● Activity: Without any of its pictures, the listing below should be output exactly.
** Recorded data follows **
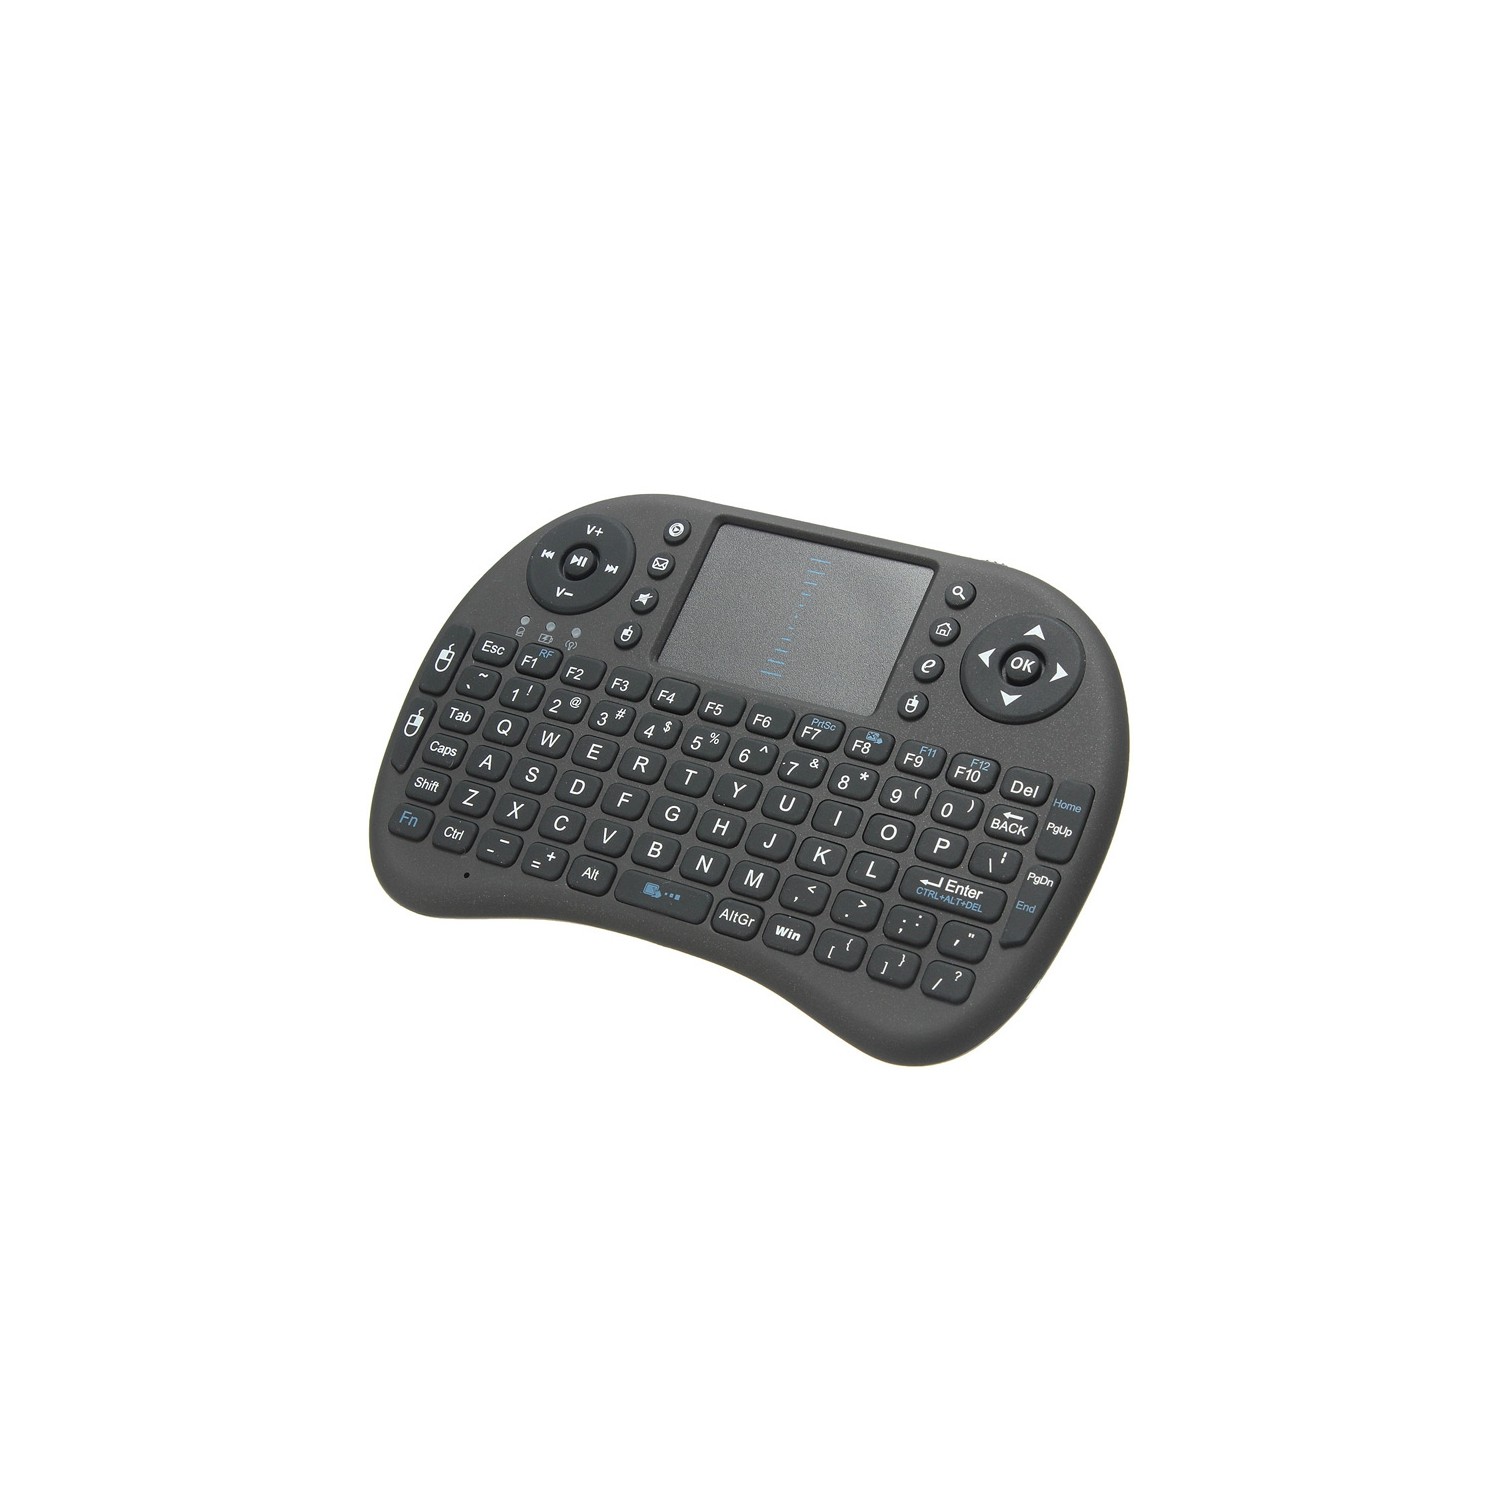 axGear Wireless Keyboard 2.4G with Touchpad Cprdless Mini Handheld Plam Keypad for PC Android Tablet
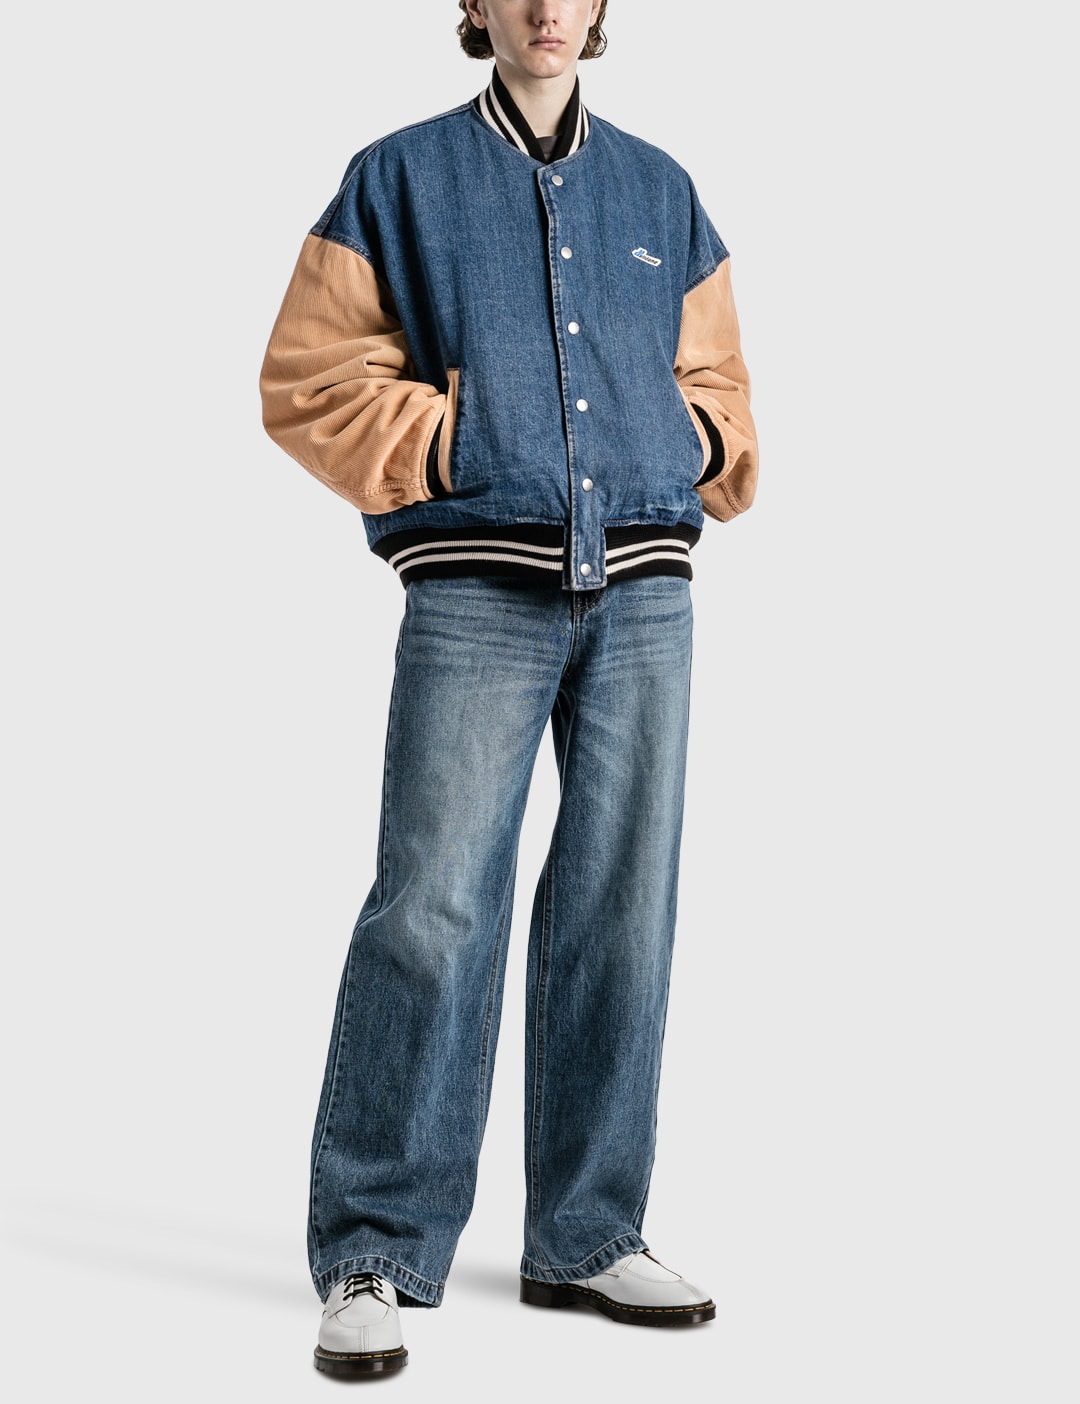 We11done - Denim Varsity Jacket | HBX - Globally Curated Fashion and ...
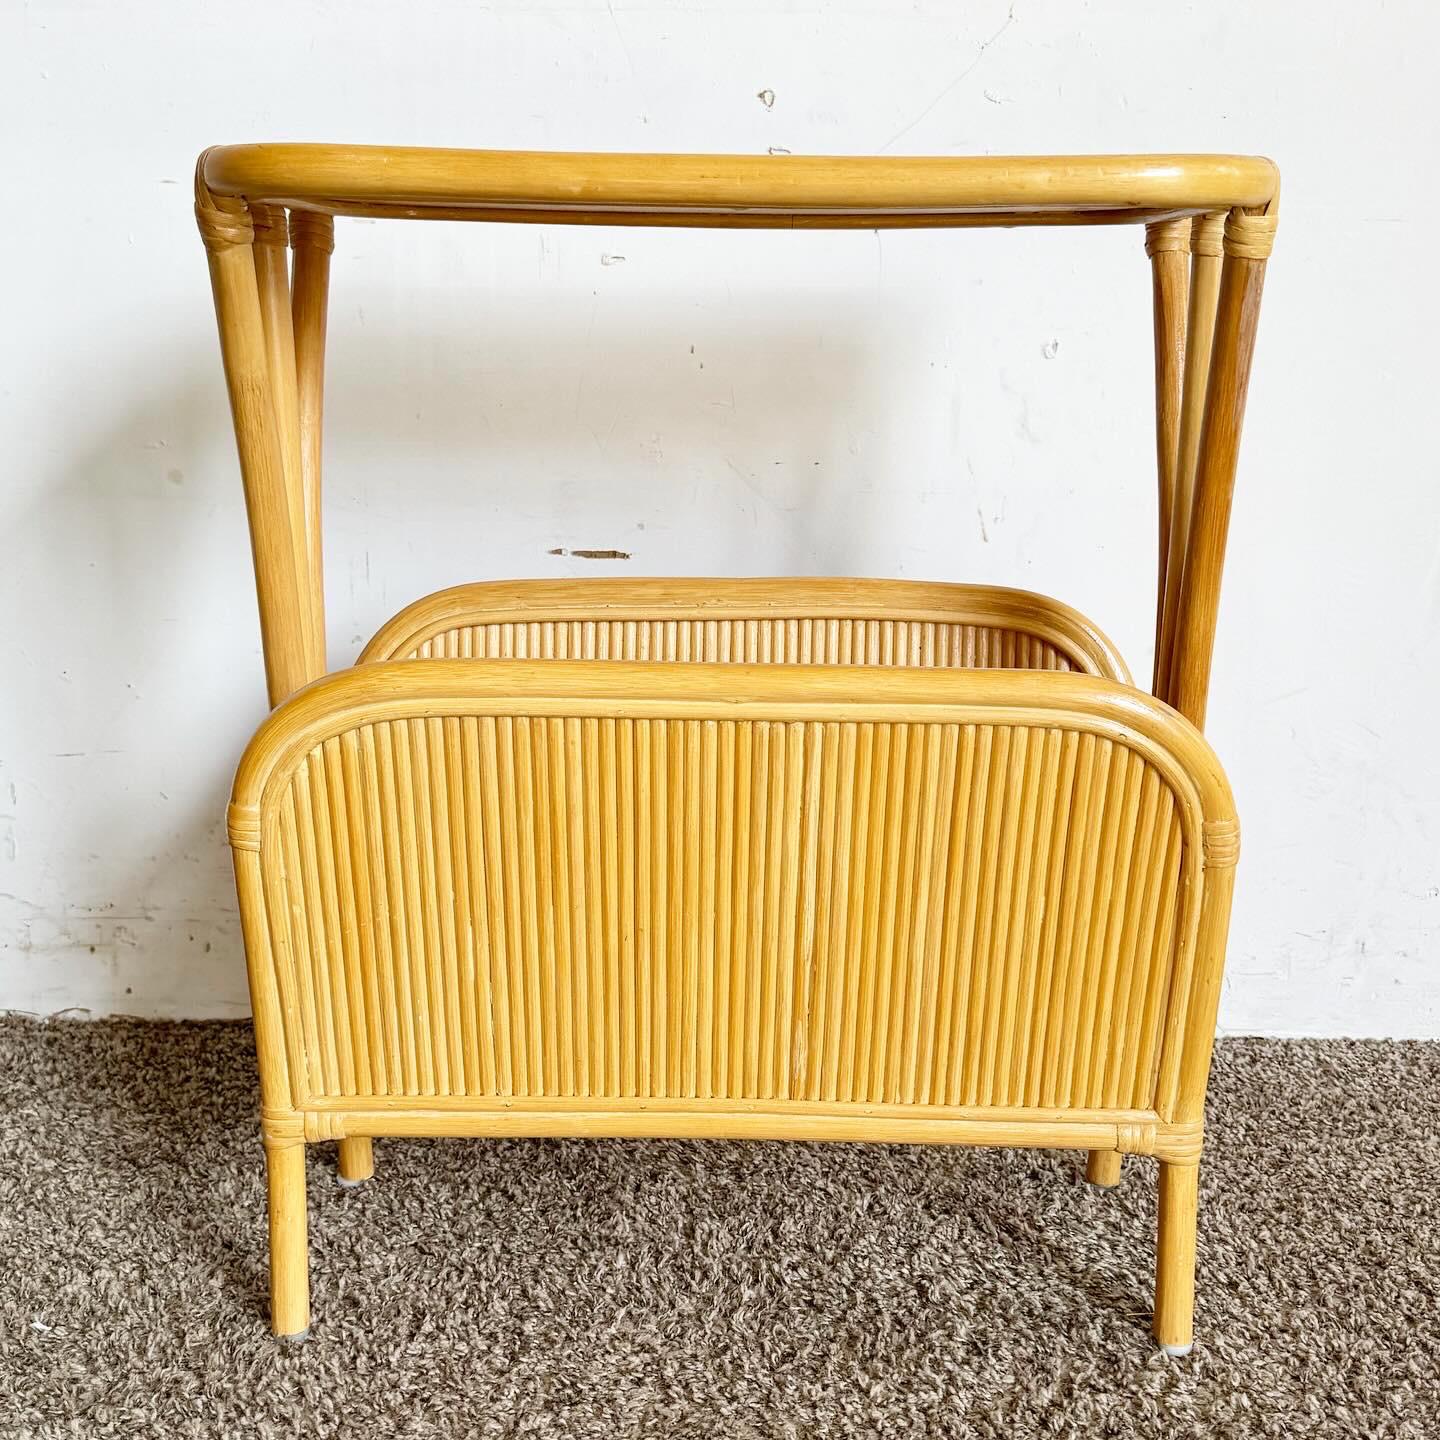 Boho Chic Bamboo Rattan Pencil Reed Swirl Side Table/Magazine Rack In Good Condition For Sale In Delray Beach, FL
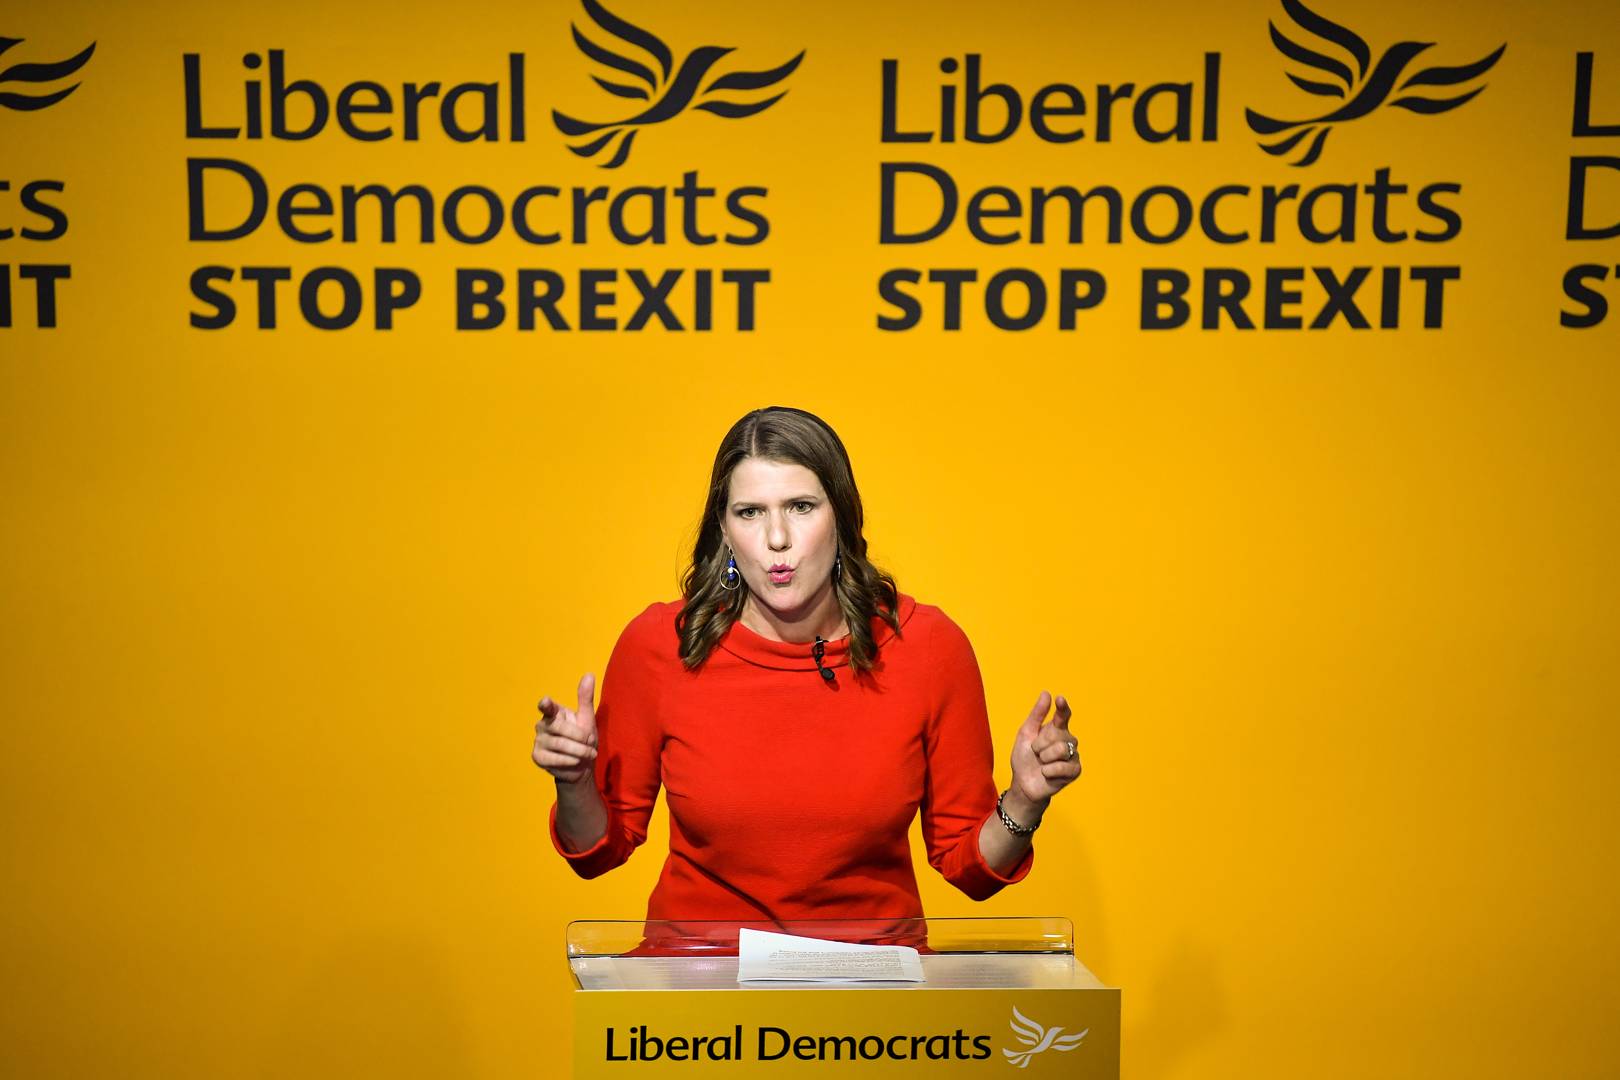 The Lib Dems are still winning the general election fight on Facebook
** End of Recorded data **
● Exercise response:
 axGear Wireless Keyboard 2.4G with Touchpad Cprdless Mini Handheld Plam Keypad for PC Android Tablet
 We11done - Denim Varsity Jacket | HBX - Globally Curated Fashion and ...
 Boho Chic Bamboo Rattan Pencil Reed Swirl Side Table/Magazine Rack In Good Condition For Sale In Delray Beach, FL
 The Lib Dems are still winning the general election fight on Facebook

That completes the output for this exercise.